Recombinant Human SPIN3 protein

**Background of SPIN3 Recombinant Protein**

SPIN3. also known as Spindlin3 or SSTY3. belongs to the SPIN/SSTY protein family, which is characterized by tandem Tudor domains and a conserved SPIN/SSTY structural motif. This family is implicated in diverse cellular processes, including chromatin remodeling, transcriptional regulation, and germ cell development. SPIN3. specifically, is recognized for its role in binding methylated histone marks, particularly trimethylated lysine 4 on histone H3 (H3K4me3), a hallmark of transcriptionally active chromatin. This interaction suggests its involvement in epigenetic regulation, potentially influencing gene expression during early embryogenesis and stem cell differentiation.

Structurally, SPIN3 contains three Tudor domains that facilitate its binding to methylated histones and other epigenetic modifiers. Studies highlight its expression in germ cells, embryonic tissues, and certain cancers, where it may contribute to oncogenesis by dysregulating cell cycle progression or promoting pluripotency. For instance, SPIN3 overexpression has been linked to tumor aggressiveness in hepatocellular carcinoma and glioblastoma, underscoring its potential as a therapeutic target.

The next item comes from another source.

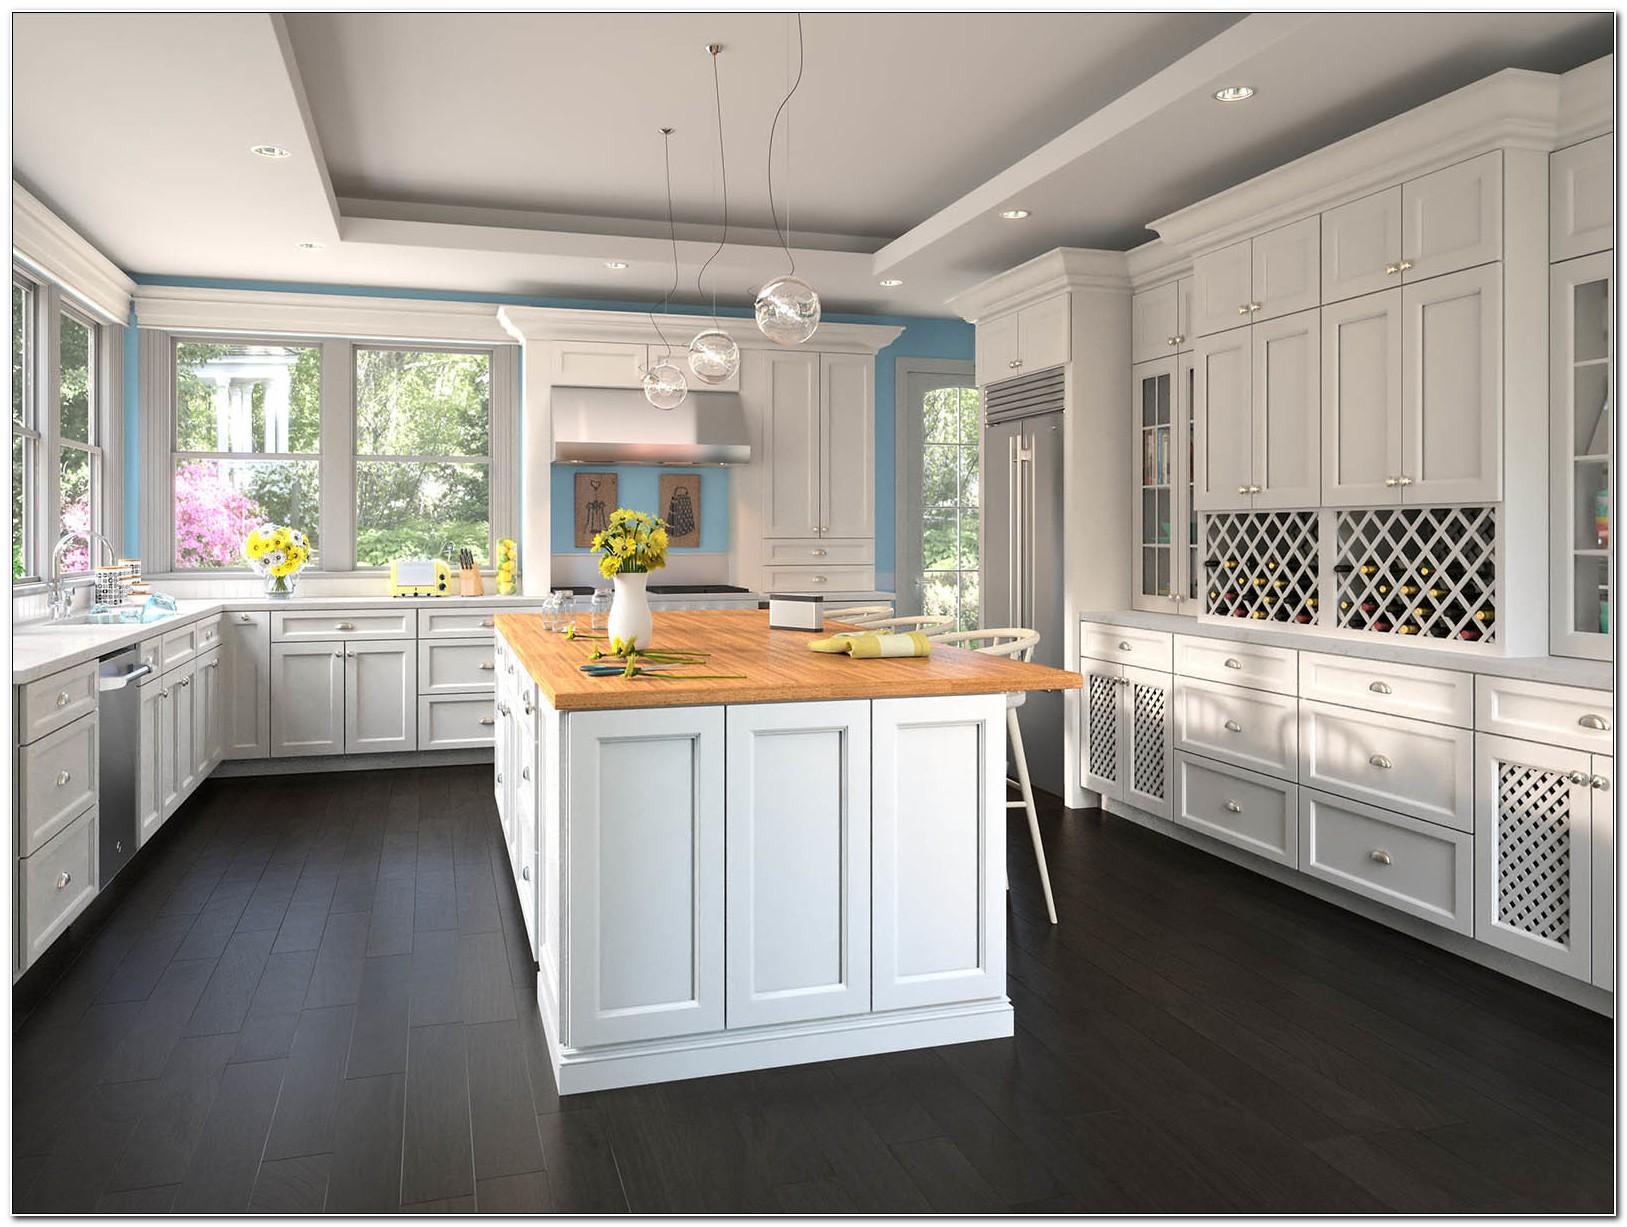 Kitchen Cabinets West Melbourne Fl

Recombinant SPIN3 protein is engineered using expression systems like *E. coli* or mammalian cells, enabling large-scale production for functional studies. Its applications span *in vitro* assays to investigate histone-binding mechanisms, enzymatic activity (e.g., interactions with chromatin-modifying enzymes), and cellular models to explore its role in development and disease. Additionally, recombinant SPIN3 serves as an antigen for antibody development and a tool for high-throughput drug screening to identify inhibitors targeting its oncogenic functions.

Ongoing research aims to elucidate SPIN3's precise molecular mechanisms and its crosstalk with signaling pathways, such as Wnt/β-catenin, which may further clarify its impact on stemness and malignancy. These insights could advance regenerative medicine and cancer therapy strategies.